— Не испытывай мое терпение, Софи! — угрожающе сказал он. — Если бы ты знала, как у меня чешутся руки дать тебе пощечину, ты бы поостереглась!
— О, я уверена, ты никогда этого не сделаешь! — улыбаясь, сказала она. — Ты ведь знаешь, сэр Горас не учил меня драться, и это будет очень несправедливо! Кроме того, какое тебе дело до того, как я веду себя? Я же не твоя сестра!
— Слава Богу!
— Это точно, потому что ты — самый ужасный из братьев! Перестань делать из себя посмешище! Сэр Винсент неисправим, но, уверяю тебя, он не причинит мне никакого вреда, это противоречит его принципам, он ведь знает меня с детства и, кроме того, он друг сэра Гораса. Должна сказать, он необычный человек! Он, кажется, совсем не считает, что Санчия неприкосновенна. — Она наморщила лоб. — Я очень тревожусь из-за этого. Интересно, надо ли говорить, что в конце концов я выйду за него?
— Что? — воскликнул мистер Ривенхол. — Выйти за этого человека! Этому не бывать, пока ты живешь в этом доме!
— Ну да, но мне все же кажется, что я обязана так поступить ради сэра Гораса, — объяснила она. — Признаю, это будет самопожертвованием, но он ведь доверил моим заботам Санчию на время своего отсутствия. Кроме женитьбы, я не вижу другой возможности помешать Санчии влюбиться в сэра Винсента. Он так здорово умеет ухаживать!
— Ты, кажется, сошла с ума! — язвительно сказал мистер Ривенхол. — Ты же не думаешь, что я поверю, будто мысль о свадьбе с таким человеком греет тебе душу!
— Но, Чарльз, по-моему, с головой не в порядке у тебя! — заметила она. — Неделю назад ты сказал, что чем раньше я выйду замуж и покину этот дом, тем довольнее ты будешь, но когда я сказала, что, может быть, выйду за Чарльбери, ты рассердился, а теперь ты не хочешь даже слышать о сэре Винсенте!
Мистер Ривенхол не стал отвечать на это. Он мрачно посмотрел на кузину и заметил:
— Меня теперь может удивить лишь одно — то, что Тальгарт просил твоей руки!

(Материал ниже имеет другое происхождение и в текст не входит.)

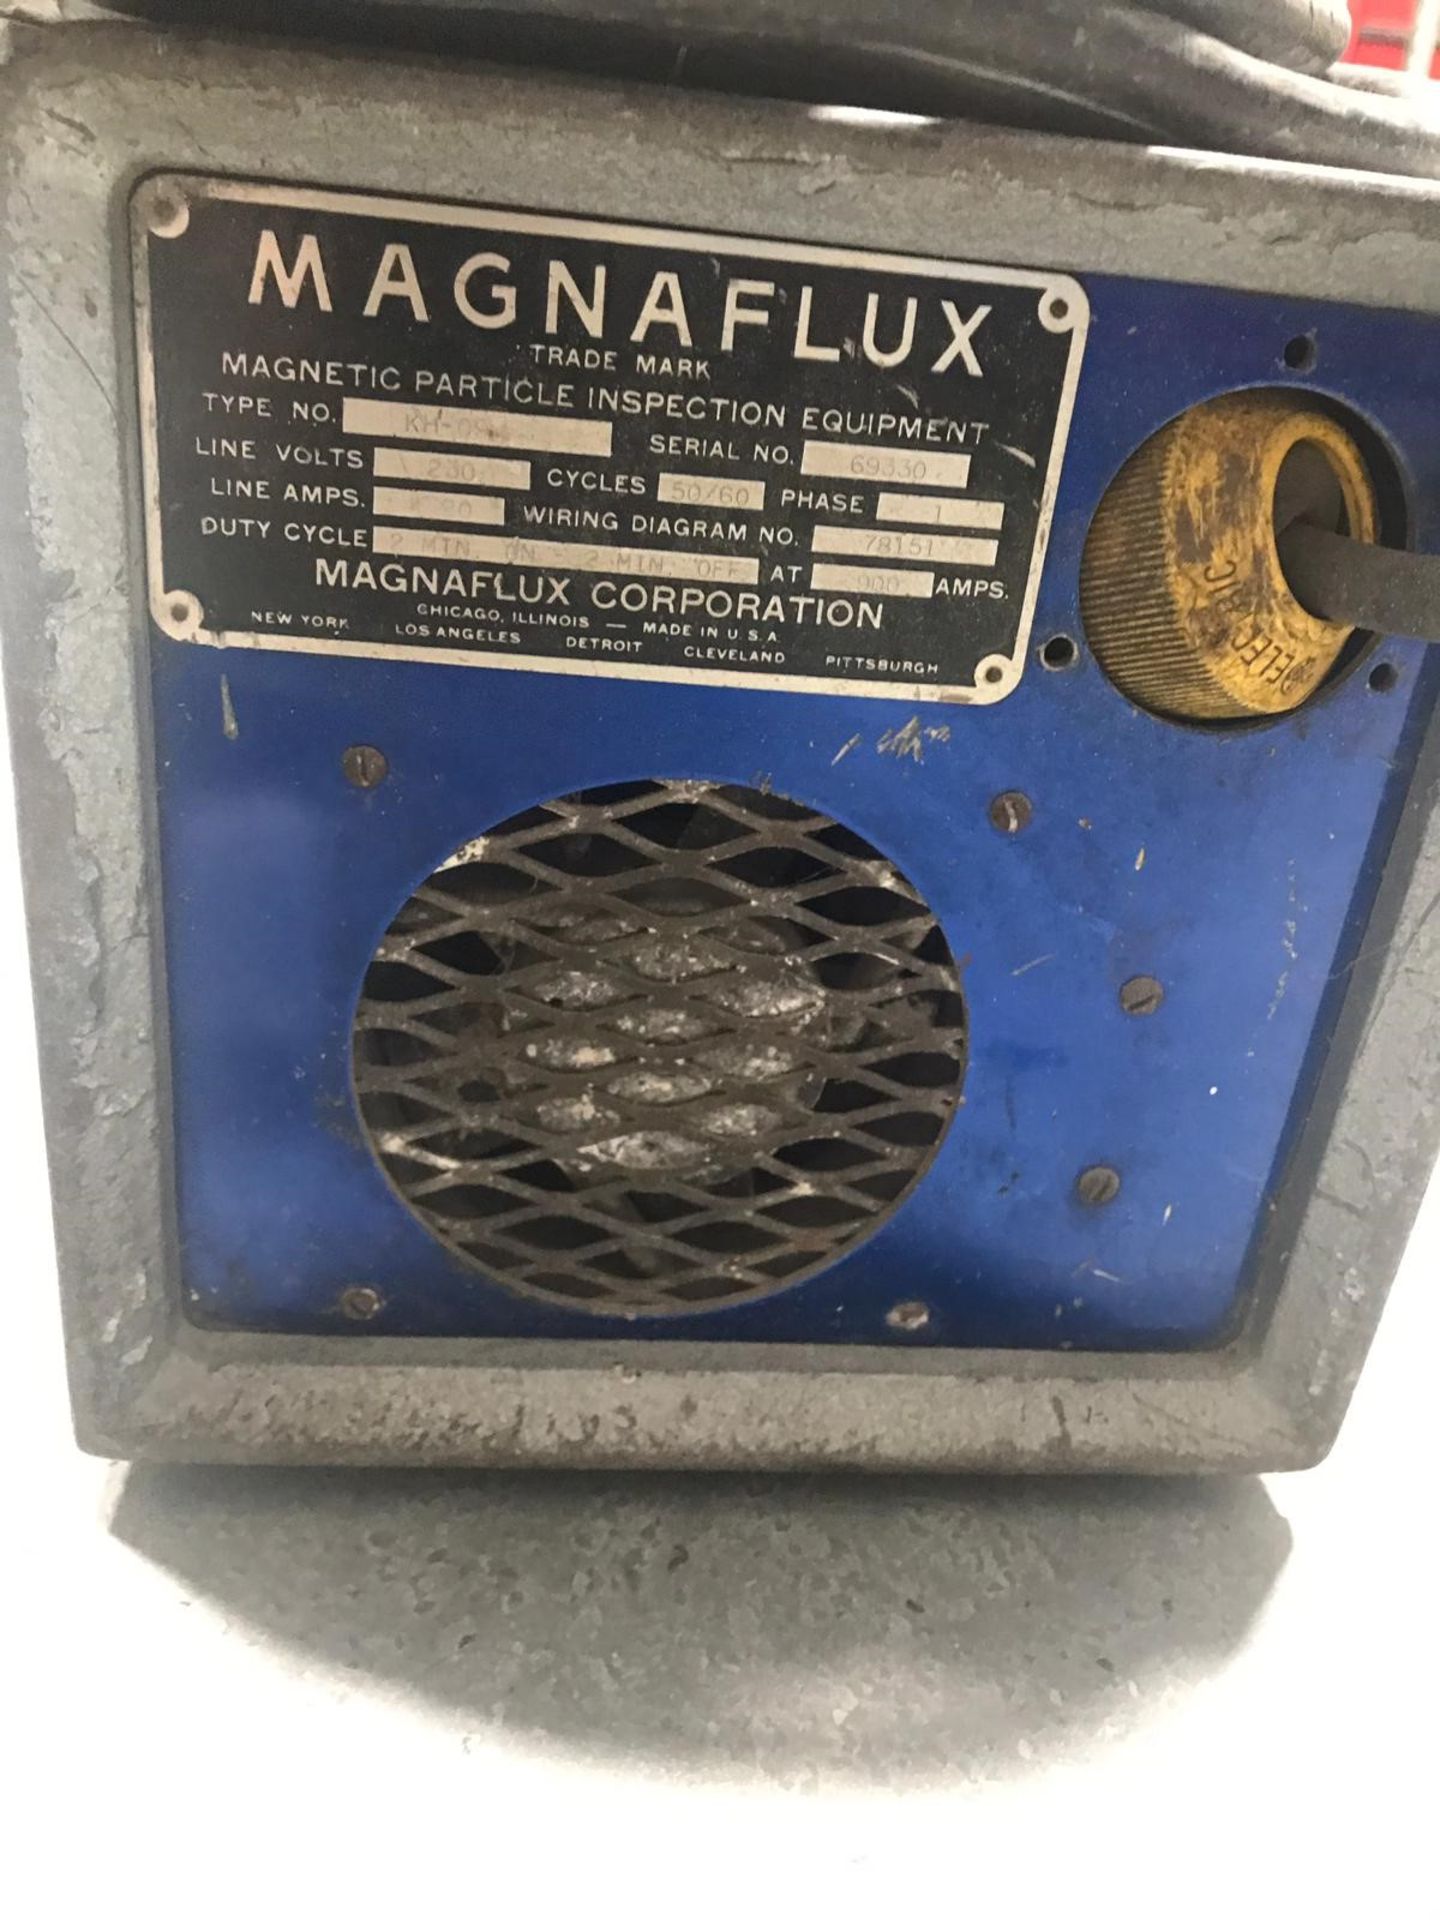 MAGNAFLUX Magnetic Particle inspection Equipment

— Можешь удивляться, — спокойно сказала Софи, — он это делал много раз. Полагаю, это вошло у него в привычку. Но я понимаю, что ты имеешь в виду, и ты прав; он чрезвычайно расстроится, если я поймаю его на слове. Конечно, я могу стать его невестой, а когда вернется сэр Горас, расторгнуть помолвку, но, по-моему, это довольно подло, как ты считаешь?
— Исключительно подло!
Она вздохнула.
— Да. К тому же он настолько умный, что наверняка догадается, что я задумала. Я, конечно, могла бы переселиться в Мертон, это будет очень неудобно для сэра Винсента. Но, боюсь, Санчия категорически воспротивится.
— Я ее отлично понимаю!
Софи посмотрела на него. К его удивлению и ужасу крупные слезы показались у нее на глазах и покатились по щекам. Она ни сопела, ни сглатывала, ни всхлипывала; она лишь позволяла слезам капать.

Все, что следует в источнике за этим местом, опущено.